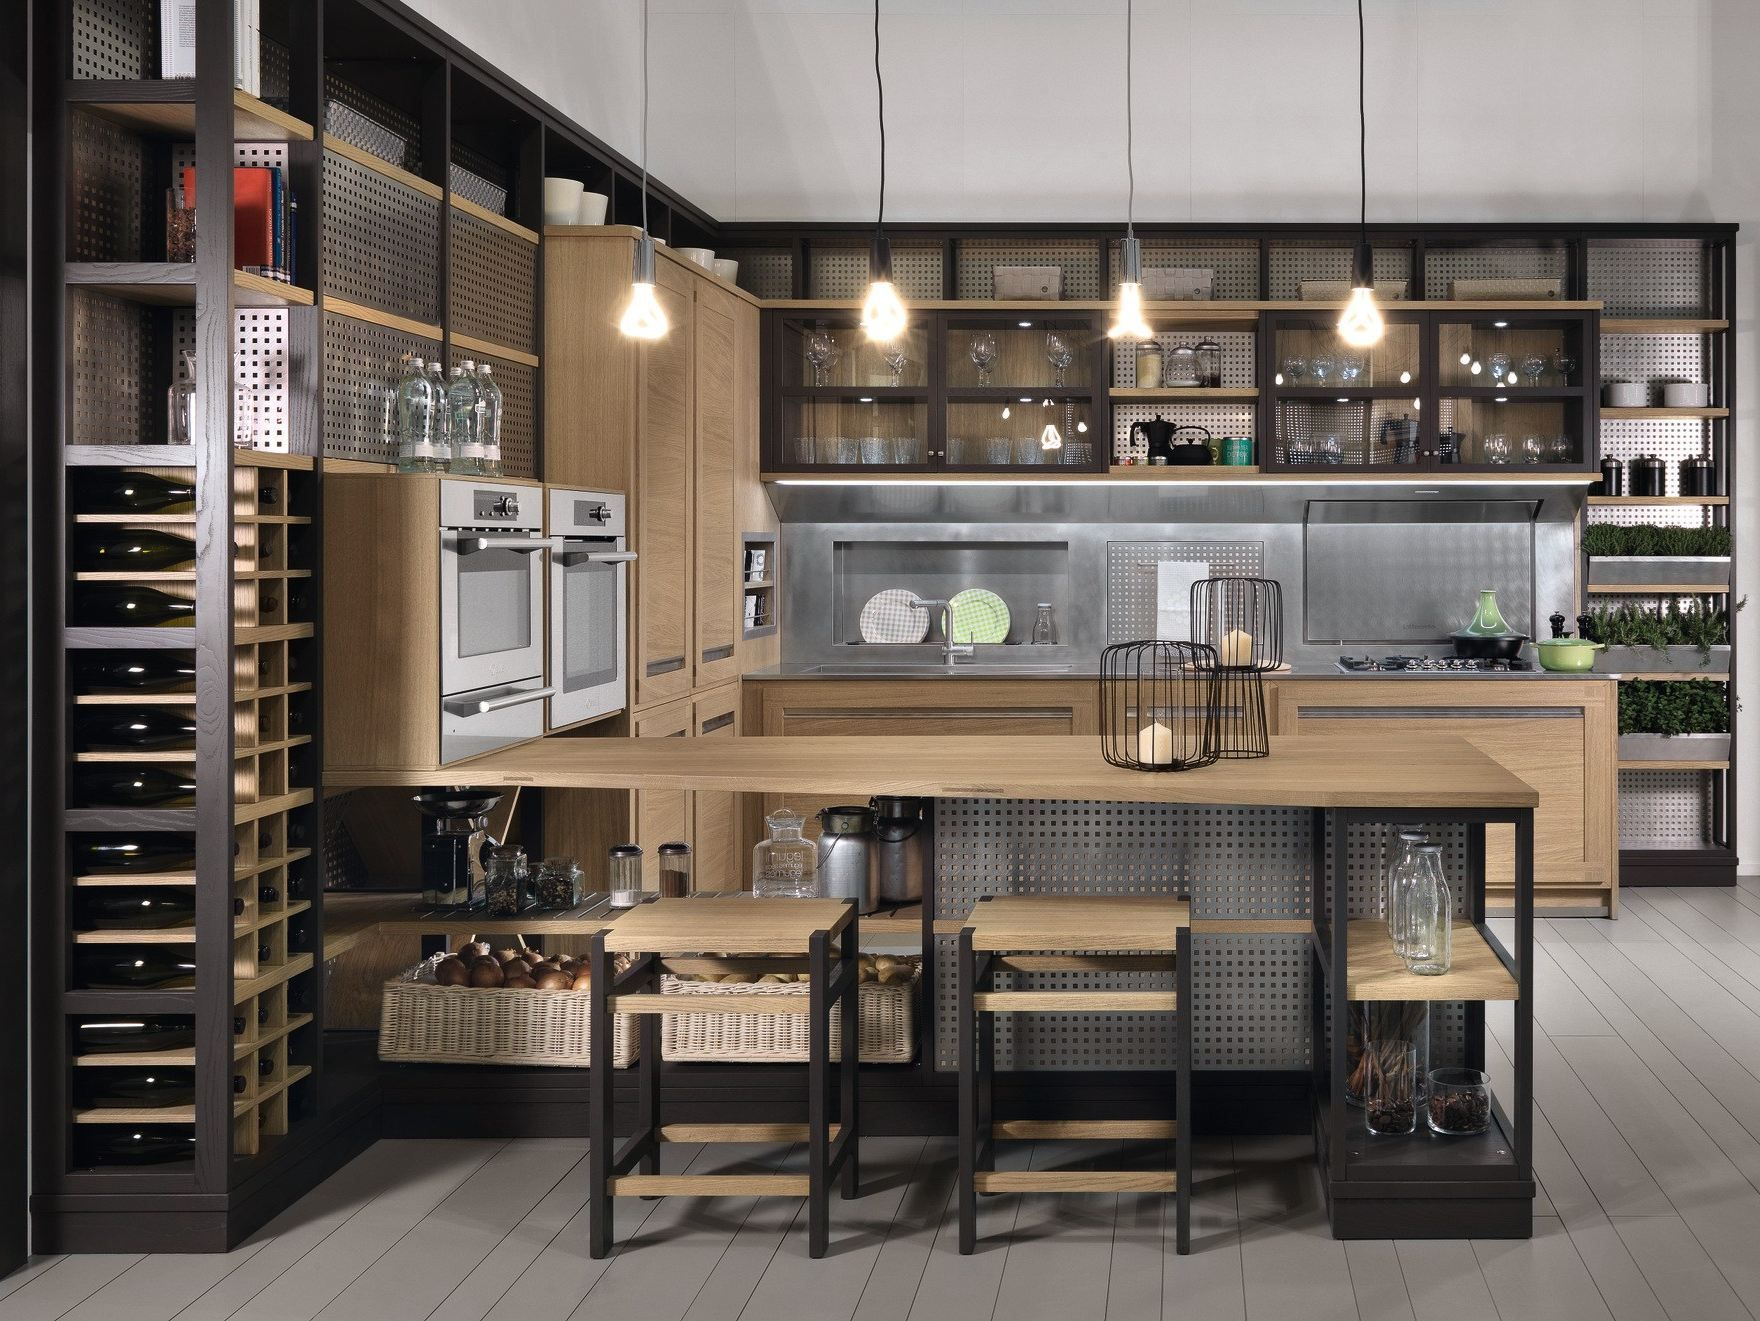 Bonito Roble Recuperada Cocinas Reino Unido Bosquejo - Ideas de ...
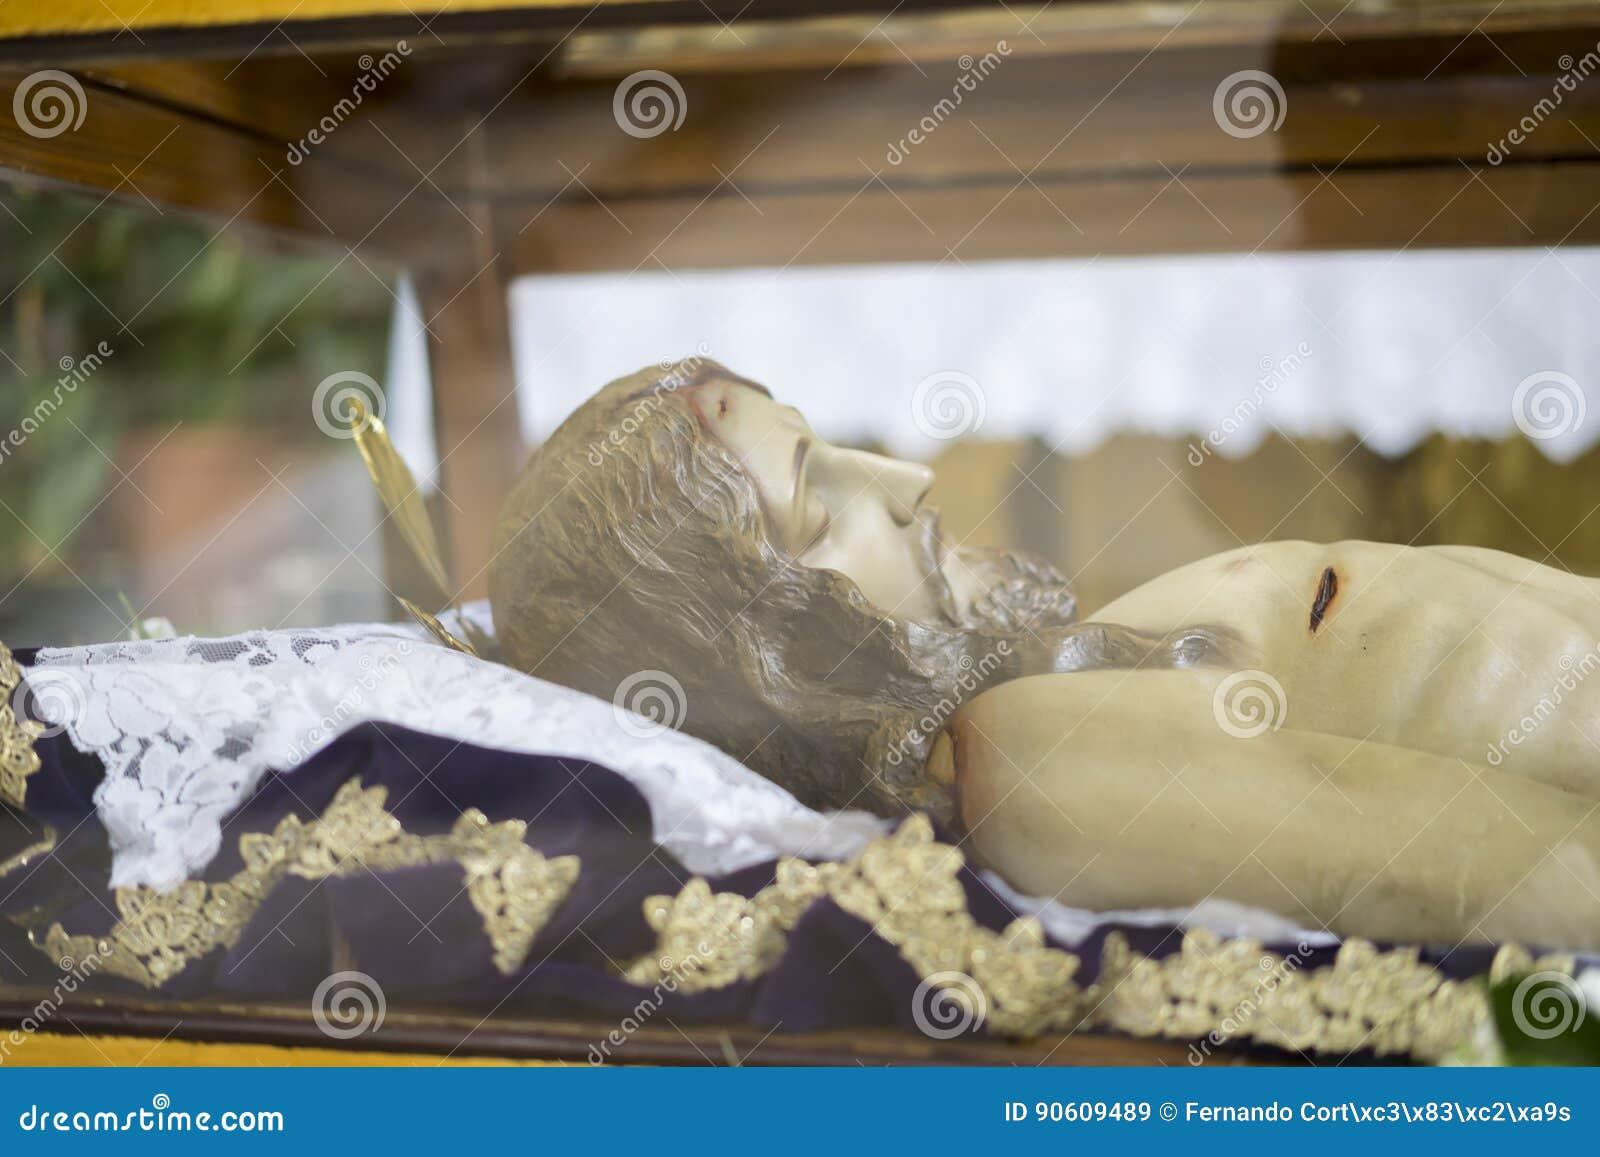 Łgarskiego jezus chrystus Święty tydzień w Hiszpania, wizerunki dziewicy i ponowny,
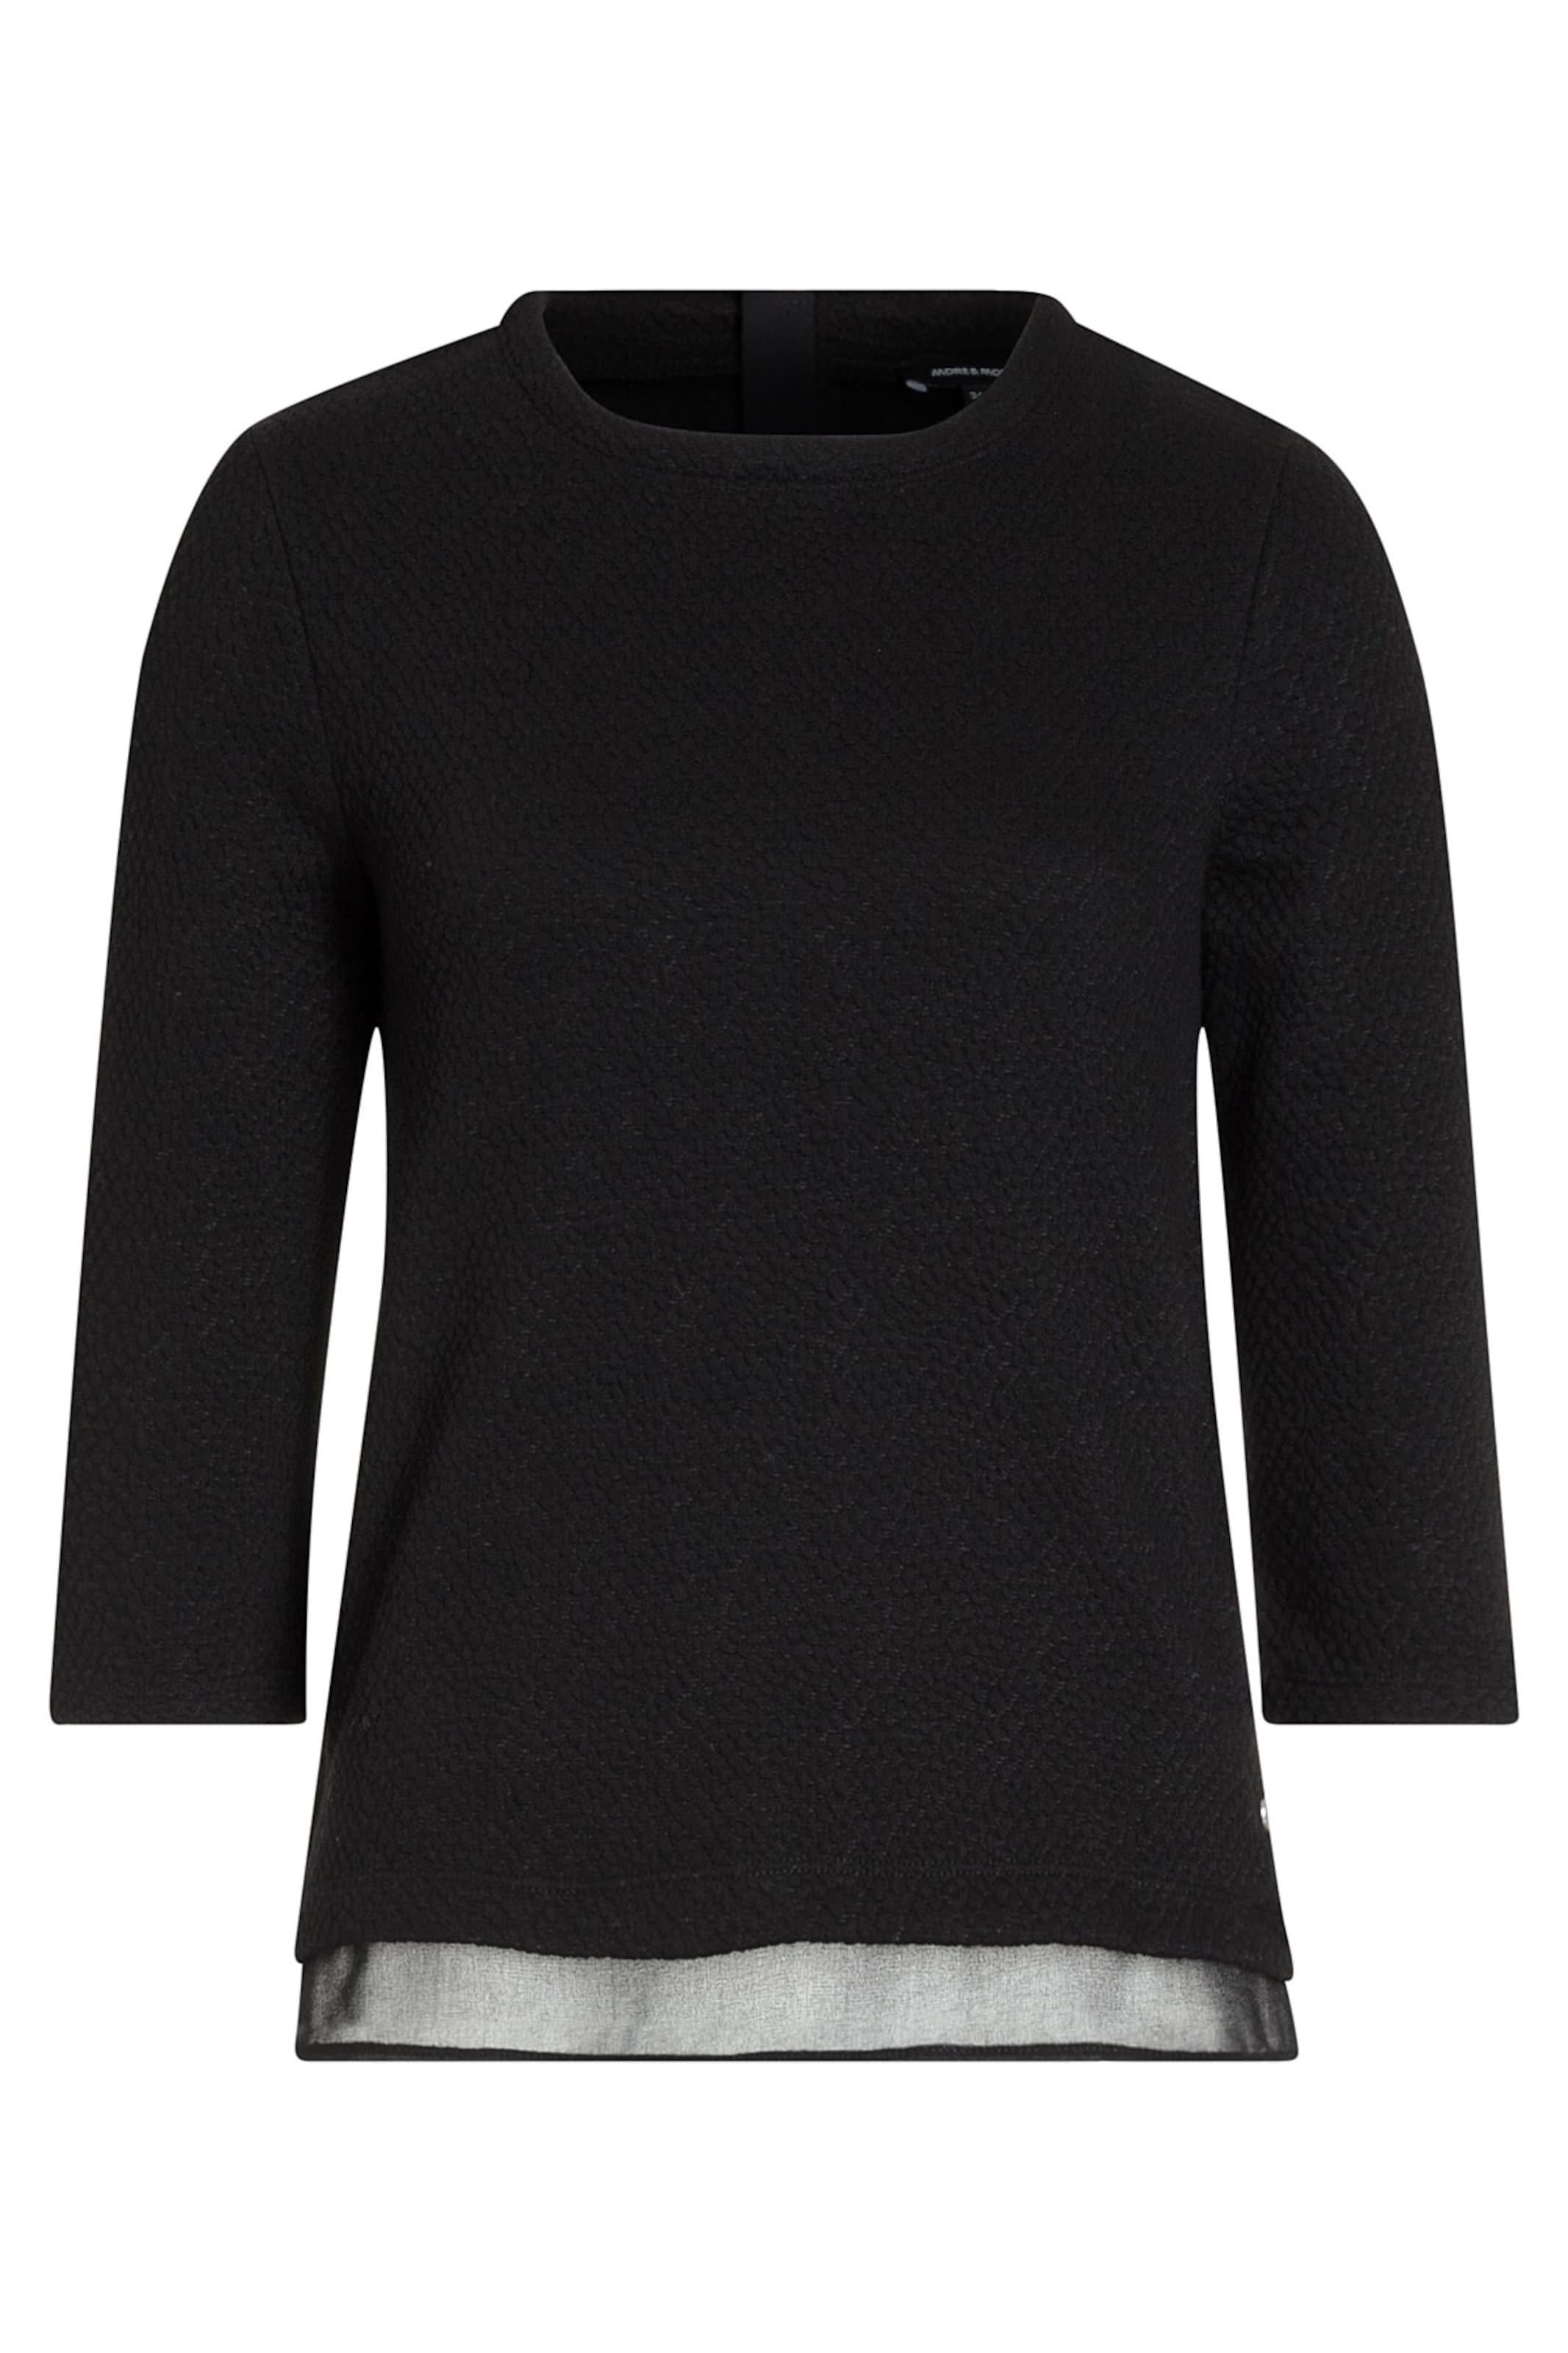 2018 Unisex Online Frei Für Verkauf MORE & MORE Sweatshirt rHJReX5

______________________________

• [Exercise] Write out the whole listing verbatim, images excluded.

• [Result below]
 Bonito Roble Recuperada Cocinas Reino Unido Bosquejo - Ideas de ...
 Łgarskiego jezus chrystus Święty tydzień w Hiszpania, wizerunki dziewicy i ponowny,
 2018 Unisex Online Frei Für Verkauf MORE & MORE Sweatshirt rHJReX5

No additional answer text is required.